**WHAT NEEDS TO BE DONE:**
A word-for-word copy of the data, pictures excluded, is what this task asks for.

**SUPPLIED INFORMATION:**
────────────────────────────────────────
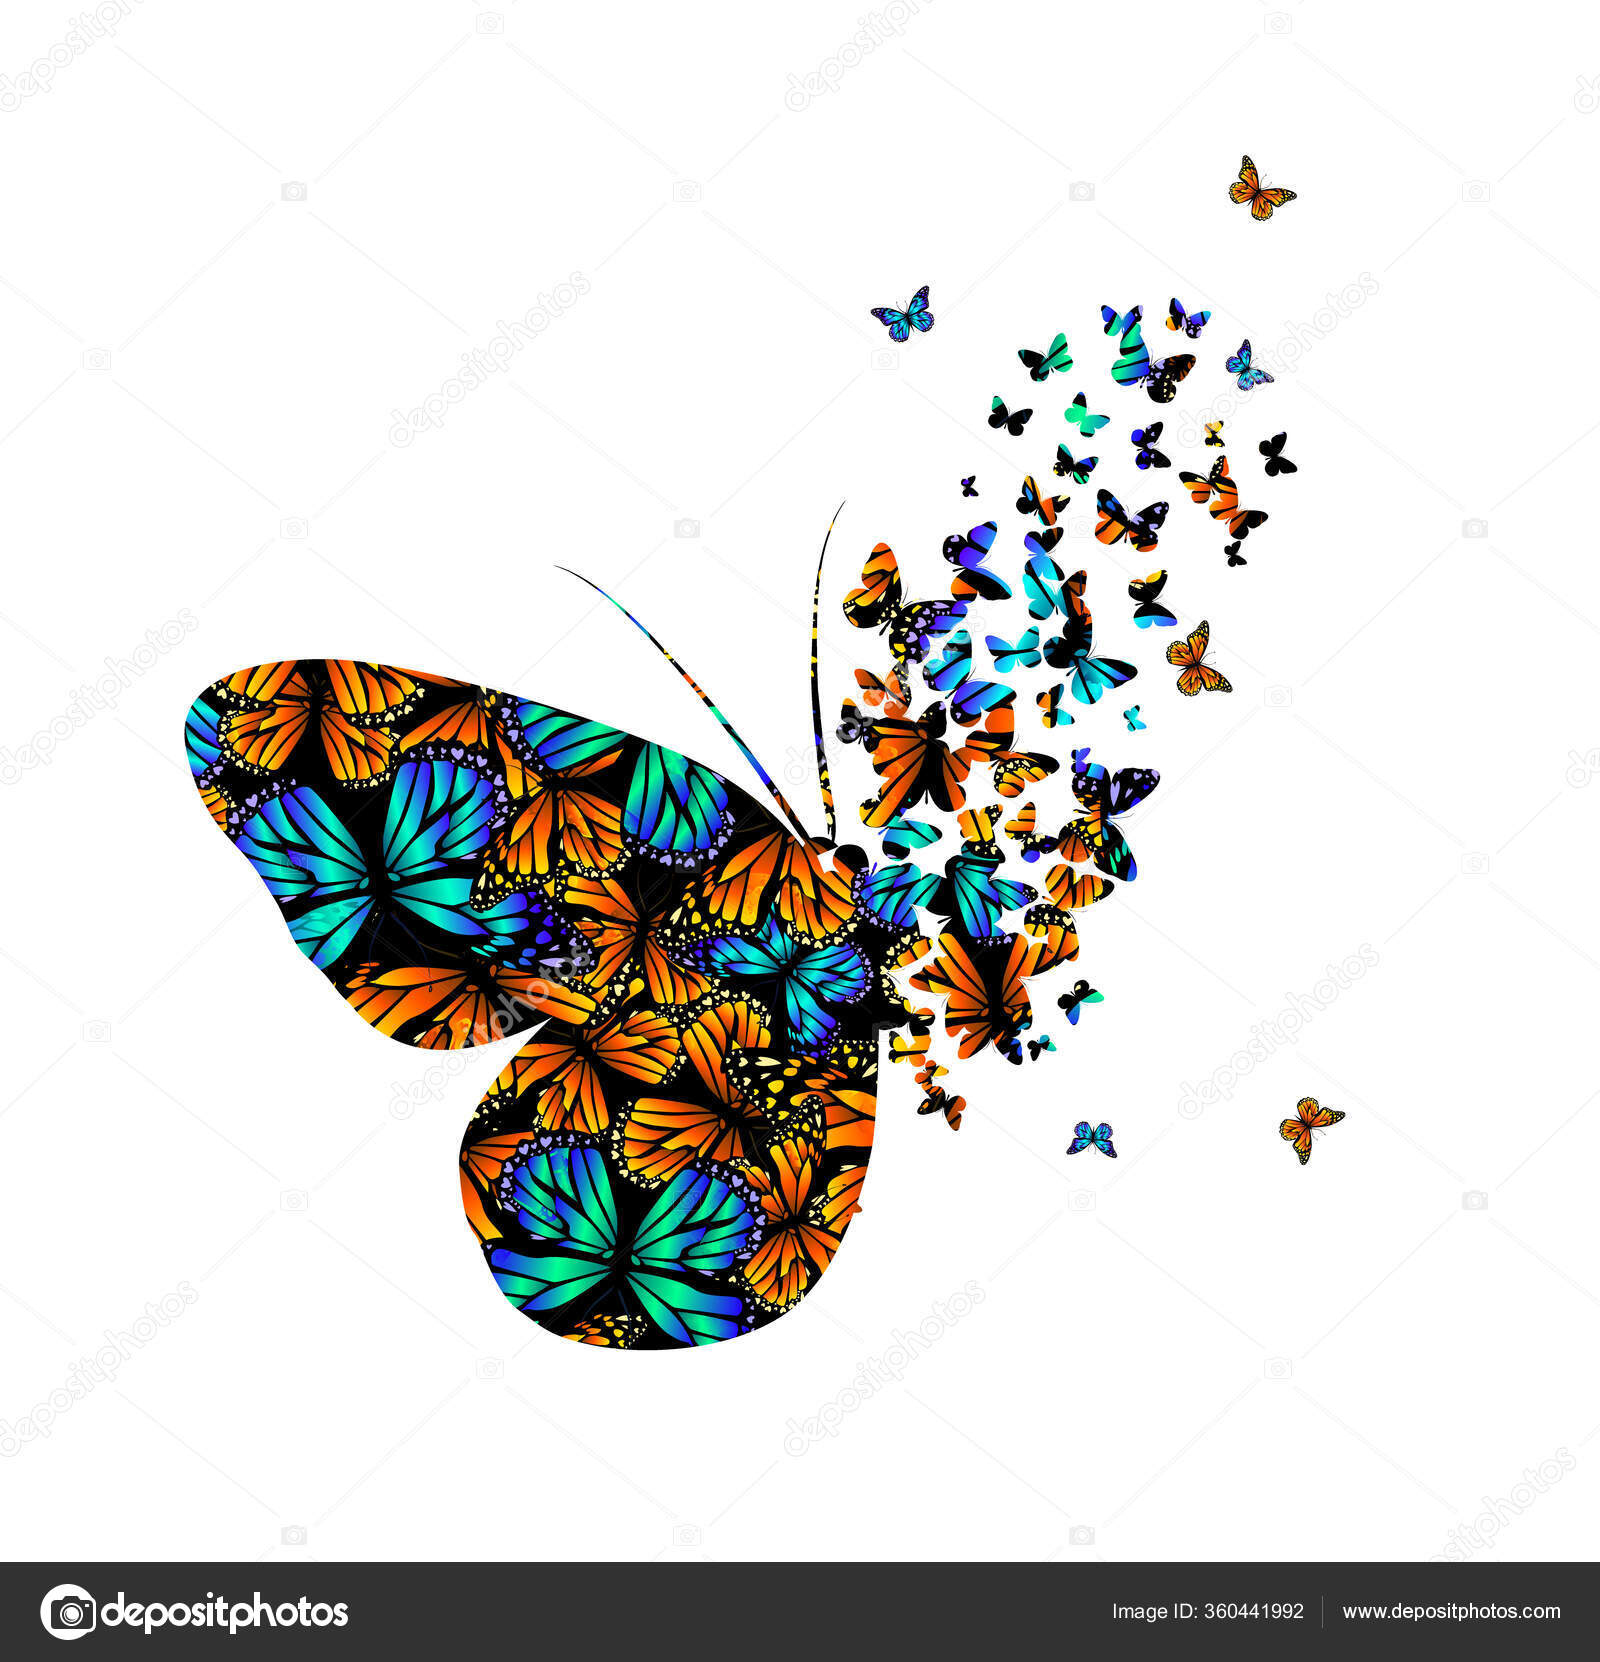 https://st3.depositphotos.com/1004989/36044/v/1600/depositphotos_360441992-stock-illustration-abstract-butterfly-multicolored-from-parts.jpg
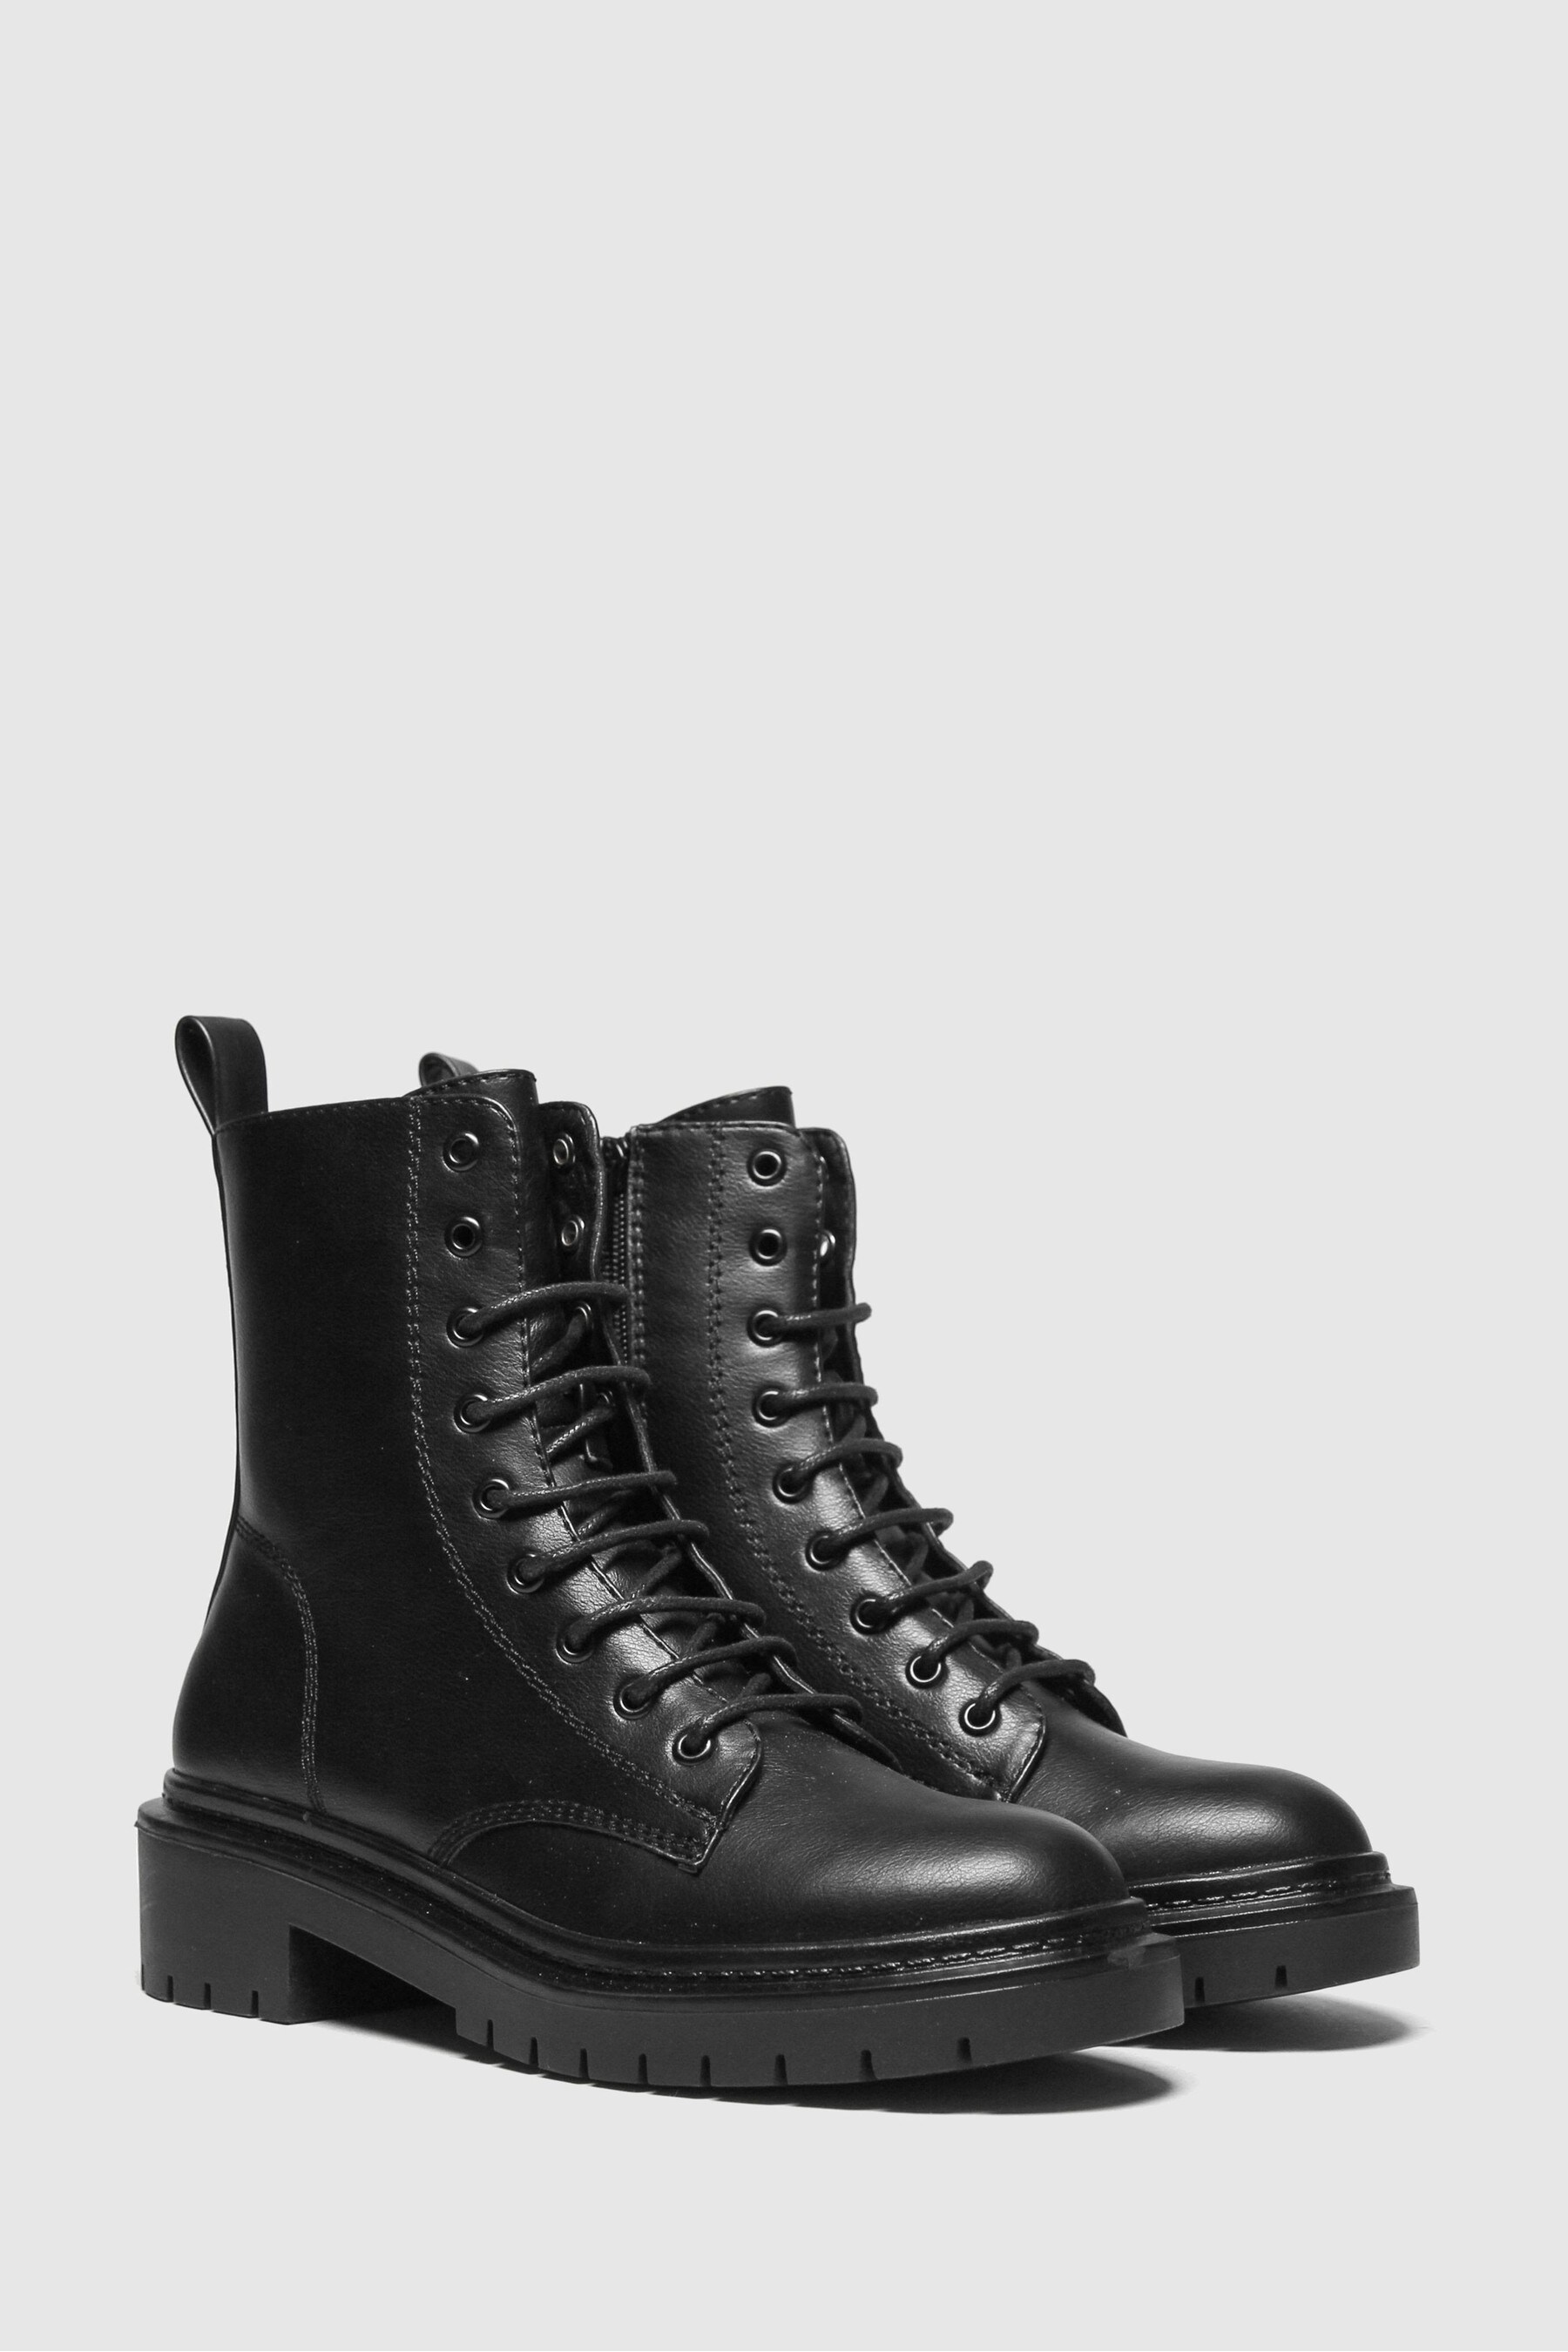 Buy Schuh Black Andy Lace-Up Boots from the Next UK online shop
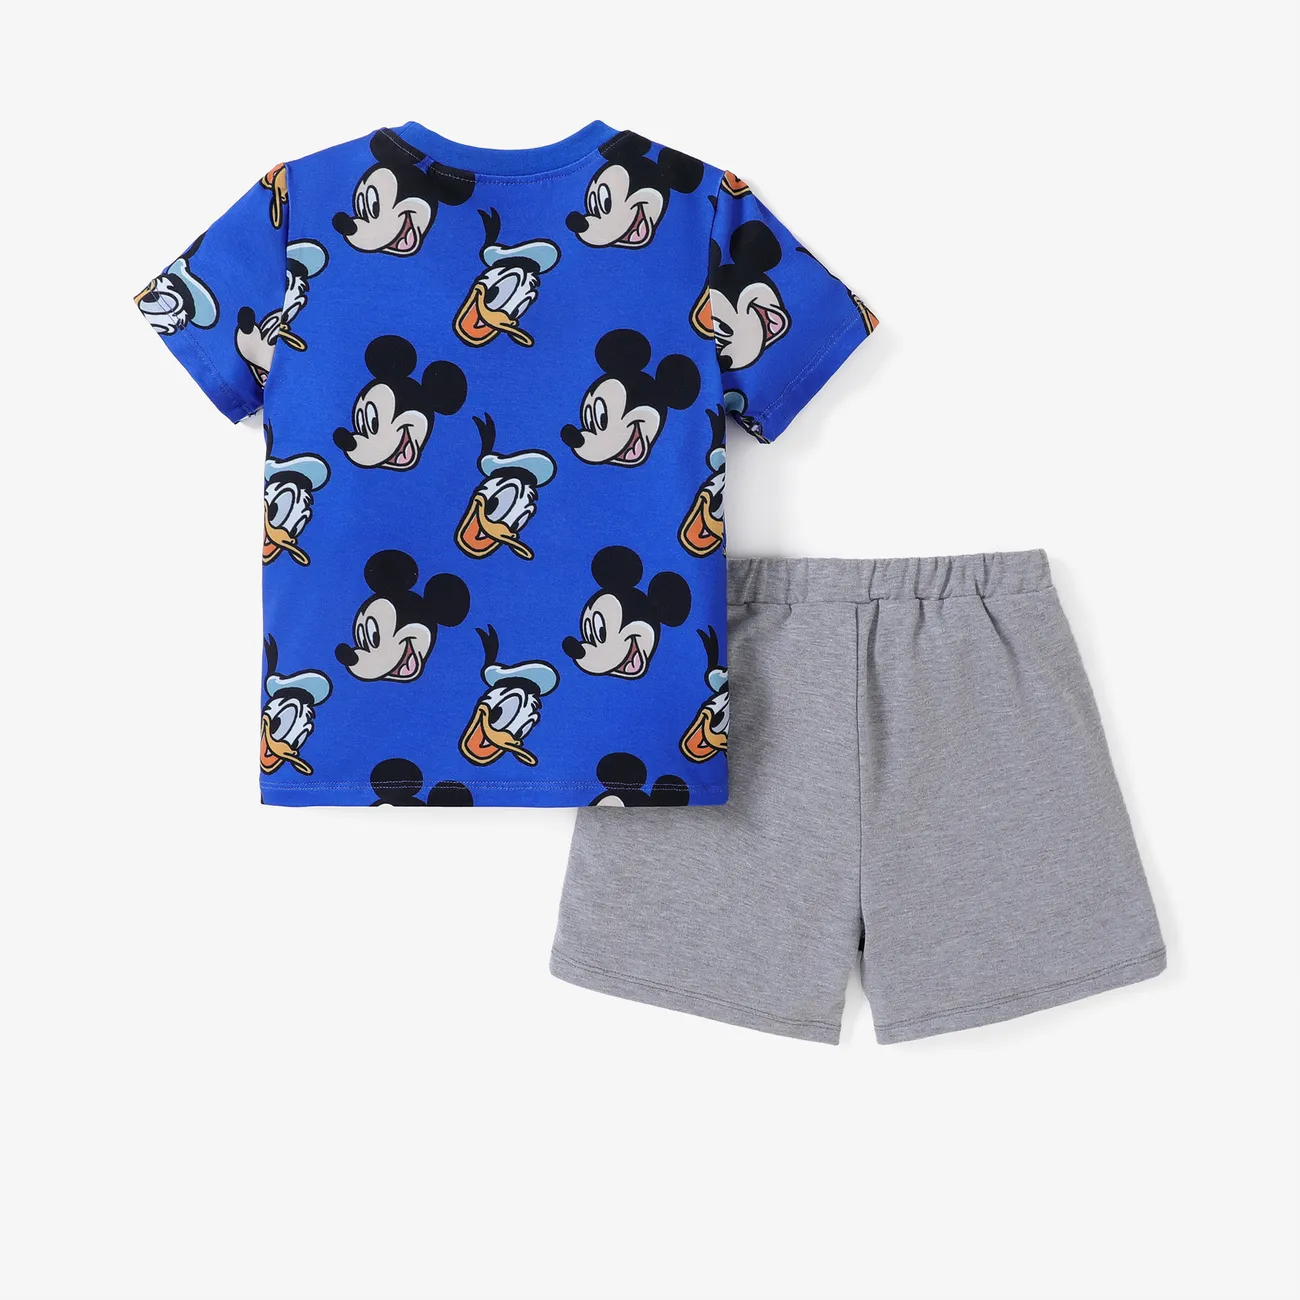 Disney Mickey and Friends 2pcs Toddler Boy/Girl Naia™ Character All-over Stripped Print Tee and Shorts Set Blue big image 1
────────────────────────────────────────
**ANSWER TO THE EXERCISE:**
 https://st3.depositphotos.com/1004989/36044/v/1600/depositphotos_360441992-stock-illustration-abstract-butterfly-multicolored-from-parts.jpg
 Buy Schuh Black Andy Lace-Up Boots from the Next UK online shop
 Disney Mickey and Friends 2pcs Toddler Boy/Girl Naia™ Character All-over Stripped Print Tee and Shorts Set Blue big image 1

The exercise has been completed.